One of the things people struggle with in life is losing weight — or more specifically, losing weight and keeping the weight off. There are hundreds of various weight loss diets, programs, and systems that show varying levels of efficacy, but for the most part they all seem to work fairly well if you follow the guidelines of the diet. After all, if you eat less food and exercise more, you will inevitably lose weight (Changing Habits for Life Success).
Initially losing weight doesn’t seem like that big of a deal when you think about it, even if it does require eating and exercise changes in order to experience weight loss. The question, however, centers around the psychology of why so many people put the weight back on over time rather than keep it off forever?
Set Point theory – but more…
Set Point theory focuses largely on our physical body system, and how our unique genetic traits communicate automatically on a regular and consistent basis and “set” at our natural level. I do see merit to this assertion, at least to some degree, as we often go through periods in our lives where we seem to “settle” at a specific weight while living a normal life – kind of like a car running on idle.
What might be added to the Set Point theory is that we seem to also “set” with our ways of behaving and thinking, meaning that we need to focus on our ways of monitoring our automatic thinking, and remember we need to change our thinking if we are to change our behaviors – and therefore, lose weight.
As human beings, we often follow the path of least resistance like an electrical current when it comes to living our lives, using our minds to help us take short cuts to navigate successfully through the world around us. We are creatures of habit, enjoying consistent patterns of behavior that are “tried and true,” and likely to bring happiness into our lives. When a person sets a goal to lose weight, behaviors and thinking must be adjusted and improved upon, thereby disrupting “set” patterns. If the individual can re-establish a new, life-long set point, a new body weight will be established and more importantly, kept forever.
Lose the challenge
My second theory as to why keeping weight off is tougher than losing the weight in the first place has to do with goal setting theory. The good news is that goals work, as hundreds of scientific studies support the notion that people who set goals almost always out-perform people who do not set goals. When people working on weight-loss programs set specific, measurable, realistic goals; they usually reach their weight-loss goals. The problem, however, is not whether goals are effective or not, but instead an issue of how goals often diminish, or become easily forgotten about, after the initial goal has been reached. In other words, when people are in the process of losing weight, there is the metaphorical “carrot” to follow, similar to how race dogs follow the rabbit around the track. Most people reach their weight loss goal, grab the carrot, and eventually go back to – you guessed it, their “set” point where the weight eventually is regained.

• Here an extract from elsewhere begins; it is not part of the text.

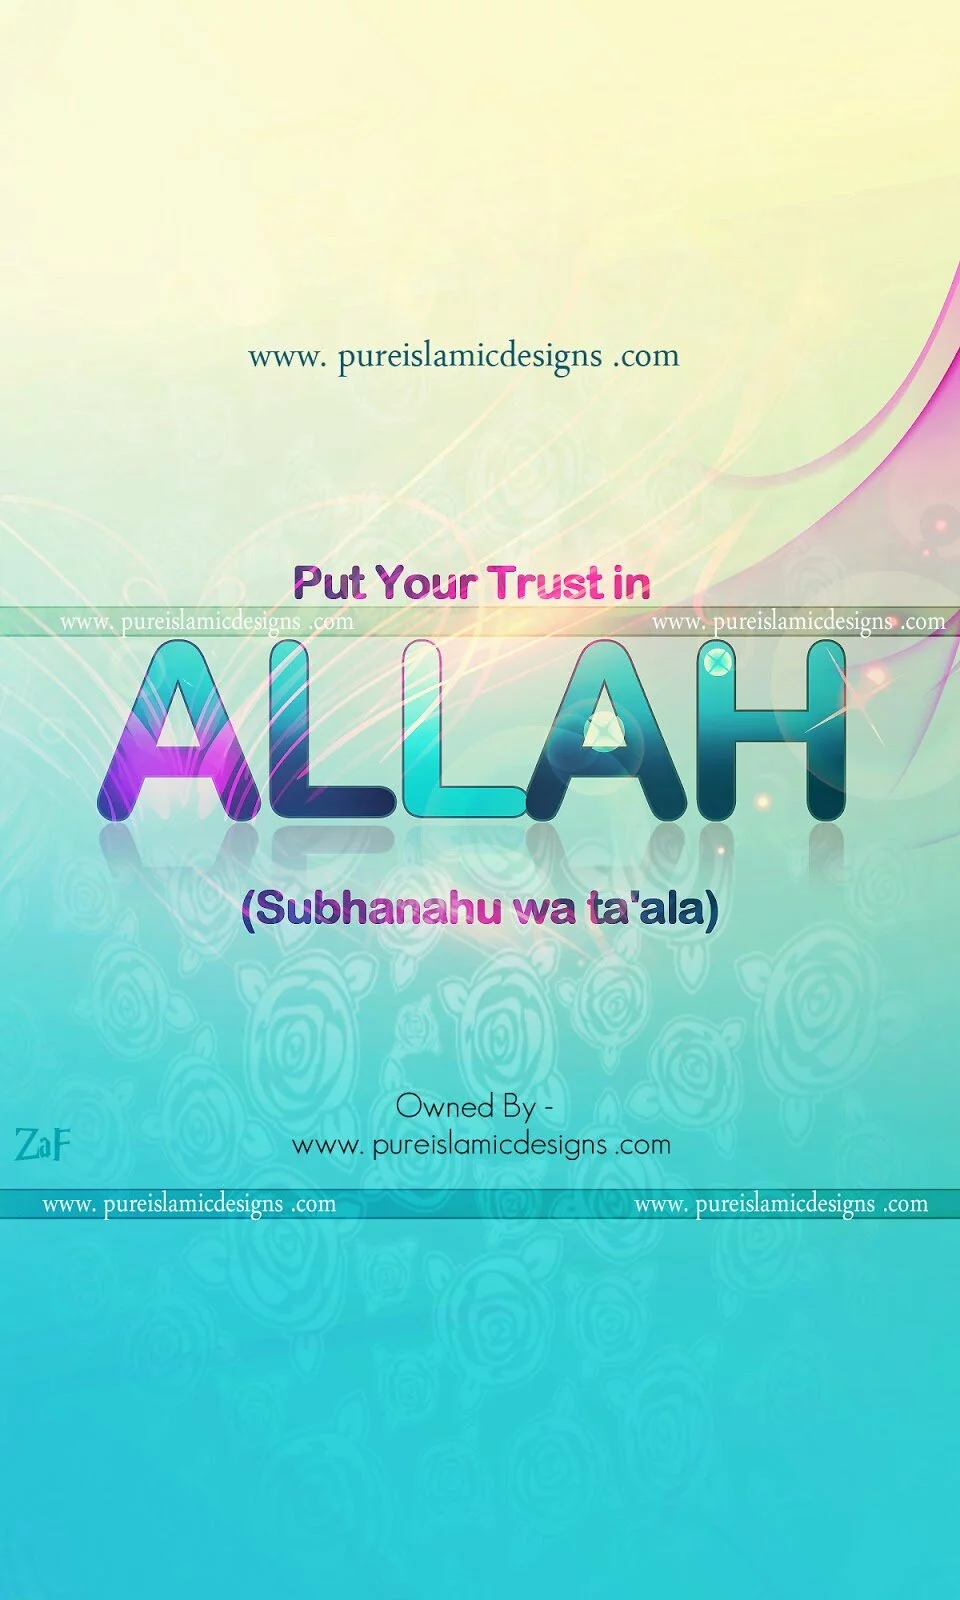 Put Your Trust in Allah (swt)

Food is a fire extinguisher to stress
My last big reason why people have trouble keeping weight off after they lose it is that food is one of the most gratifying ways to deal with stress! There’s no way around this one – very often our favorite foods come to mind when we feel “stressed out,” as the time enjoying food provides a tasty respite to our busy lives. Ironically, eating food is an effective method to deal with stress, as we do enjoy the act of eating delicious foods in the moment. The problem, however, is that eating food may not always be a healthy method to cope with stress, as over-eating can lead to weight gain (as well as many other physical and emotional problems). Learning and using effective and healthy means to cope with stress allows people to lose weight, as well as keep the weight off for the long-run.
Combining all 3
It is quite probable that we have unique “set points” when it comes to our automatic ways of growing as people, and that to lose weight, we must “re-set” our ways of behaving and thinking. Most theories tend to focus on the behaviors needed to be re-set, overlooking the significance of changing our thinking set points as well. When setting goals, we must regularly prioritize the goals we have already reached instead of forgetting about them, even if the original “carrot” is no longer in front of us. Without doing this, we inevitably go back to our original set point. Finally, life stressors must be responded to by using effective and healthy ways to cope and overcome. When we do this, our focus, motivation, and resiliency improves, allowing us to establish happier and more successful ways of living our lives.